Rubco was one of Narayanan's first successes. Established in 1997, it now has annual sales of over Rs 450 crore and a staff of over 1,000. Located in the Marxist bastion of north Kannur, it manufactures a range of coir and rubber products. However, the UDF says Rubco availed of loans worth crores from CPM-controlled cooperative banks, violating norms, and made no repayments. So there is no real profit for the company, the UDF alleges. The CPM's mascot in Malabar is, of course, the 250-bed Tellicherry Cooperative Hospital. It has also set up an EMS Memorial Hospital at Perinthalmanna in Malappuram district. Three years ago, a 100-bed hospital, in the name of ex-party secretary AP Varkey, was opened in Ernakulam.

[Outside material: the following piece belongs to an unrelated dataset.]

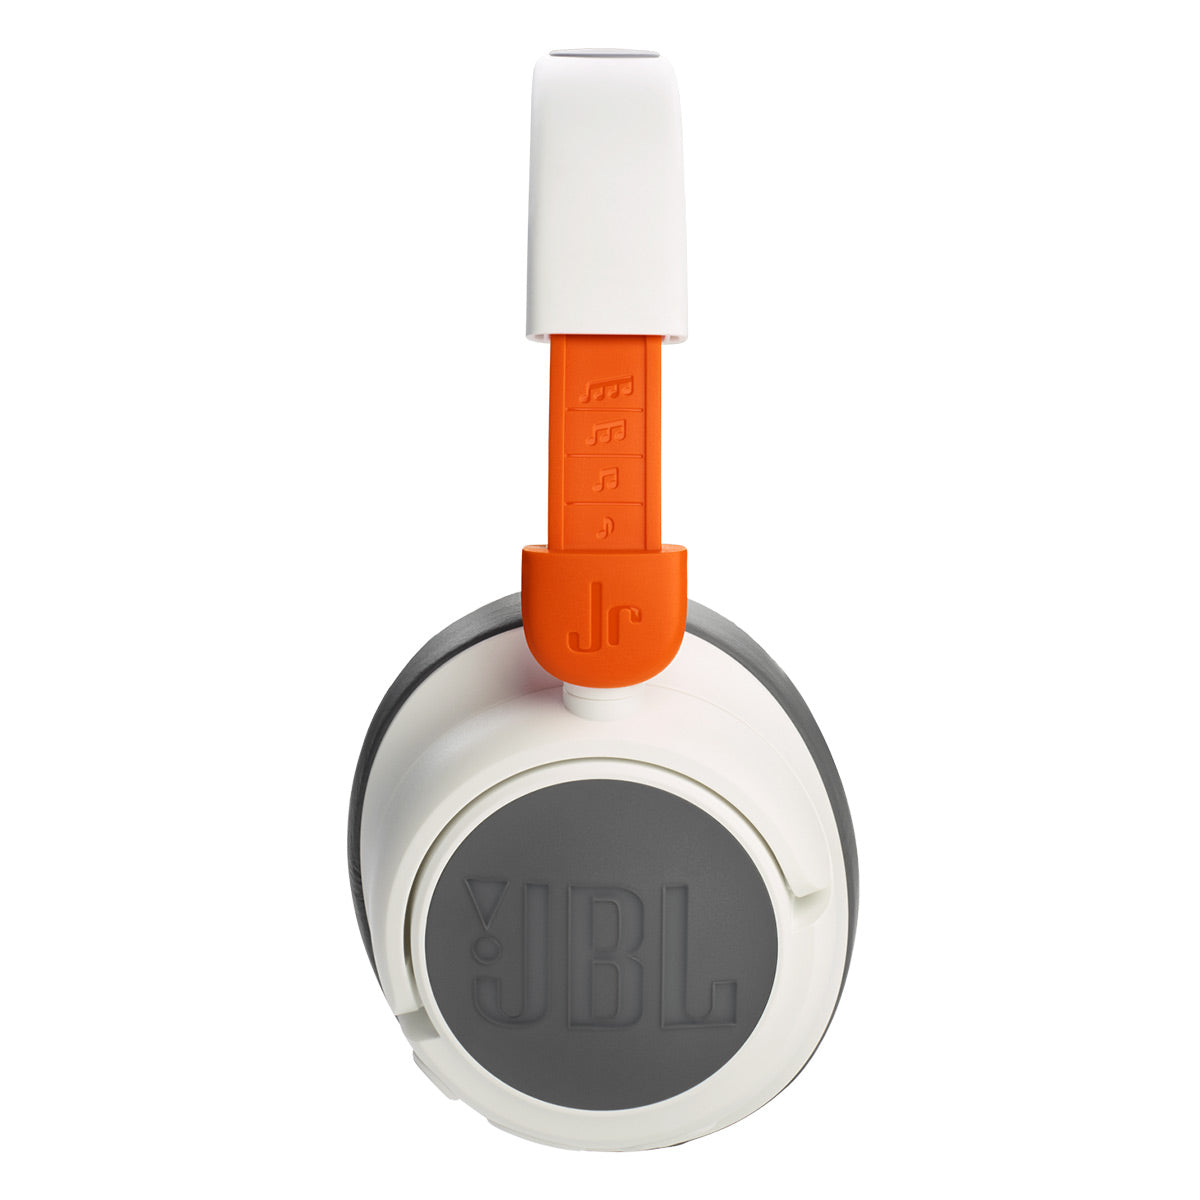 JBL JR460NC Wireless Over-Ear Noise Canceling Kids Headphones (White)

While some oppose the party's involving itself in the service industry, sympathisers argue that the CPM had to change with the times. The new logic is that only then can it play a role in modern society. Therefore, they feel, there is no harm in the cadre exploiting unfolding opportunities in trade and commerce. But not everyone agrees. Asks Berlin Kunhananthan Nair, one of the old guard: "Do you think the emancipation of the working class will come through amusement parks and super-specialty hospitals?" This organisational poll will hopefully provide an answer to this.